Rose Buzzetta from Friends of the Animal Shelter said her volunteers also get extensive training.

“If our volunteers have to go through training with (county) human resources and then training through risk management … it’s cumbersome,” Buzzetta said. “I’m afraid that we will lose volunteers.”

Settlemire said in some cases training and background checks done by volunteer organizations will satisfy the county’s requirements.

He said volunteers who will be working unsupervised with children would need to be fingerprinted, “just as we would have our own employees in that situation. And just as the schools have people fingerprinted and check their background to make sure there aren’t any offenses that could put children at risk.” Settlemire said, “That’s the reason why you have something like that in (the policy).”

In some cases, the volunteers might have to pay for the fingerprinting costs. Wall said it costs about $90 for fingerprinting.

Basically, county volunteers can expect to be subject to the same safety training and orientation as county employees.

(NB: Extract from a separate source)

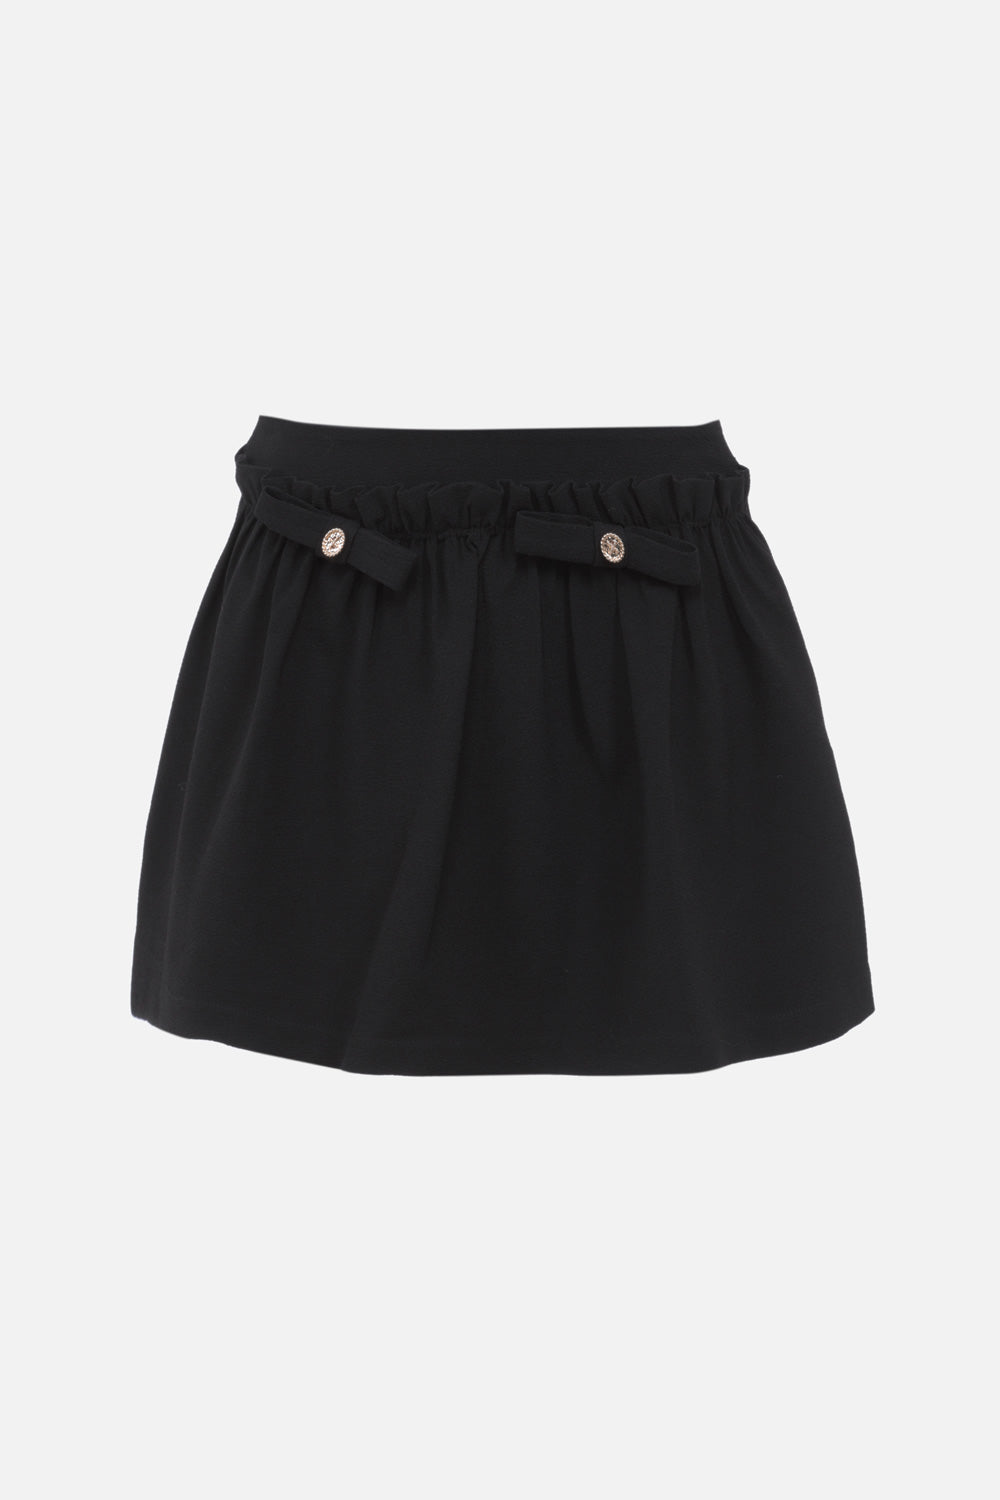 Short black pleated-waist skirt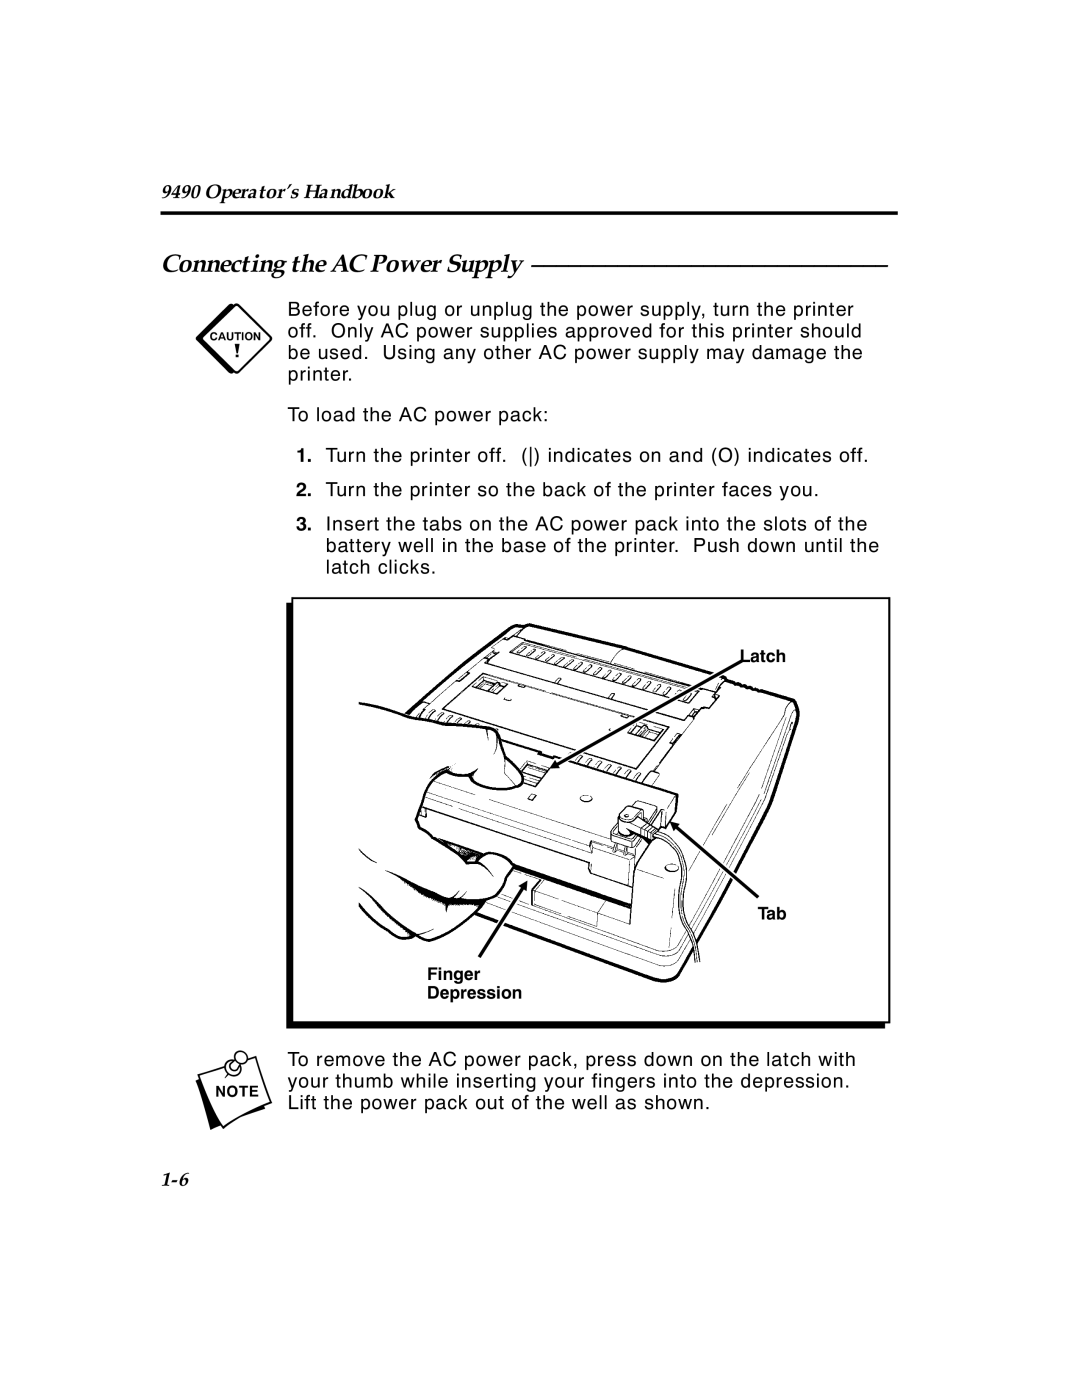 Paxar 4 manual Connecting the AC Power Supply, Operator’s Handbook

They will also get some of the same benefits. Volunteers working for the county will be covered by workers’ compensation insurance.

According to a survey of county departments conducted by the County Counsel’s Office, volunteers provided 12,916 hours of service to the county in fiscal 2010-11.

Four departments responded to the survey, which indicated 25 volunteers worked at the library and 22 at the museum.

Another 90 people donated time to the UC Davis Extension Farm Advisor Office. Most of those volunteers come from the University of California’s 4-H Youth Development Program.

Simpson said she pushed to institute the volunteer policy partly because of a former volunteer.

She shared the story.

“Every month for the last three years I have been getting a call from a certain gentleman. He’s a wonderful guy,” Simpson said. “Public health used to allow volunteers to drive people to their cancer treatments out of the county.

“And there is a lot of risk involved in that. Risk management stopped it.

“There is still a great issue about people who don’t have reliable cars or family,” Simpson said. “They are low-income. They have cancer. They need treatment out of the county.

“If there’s no way for these people to get a ride out of the county, it’s literally a death sentence.”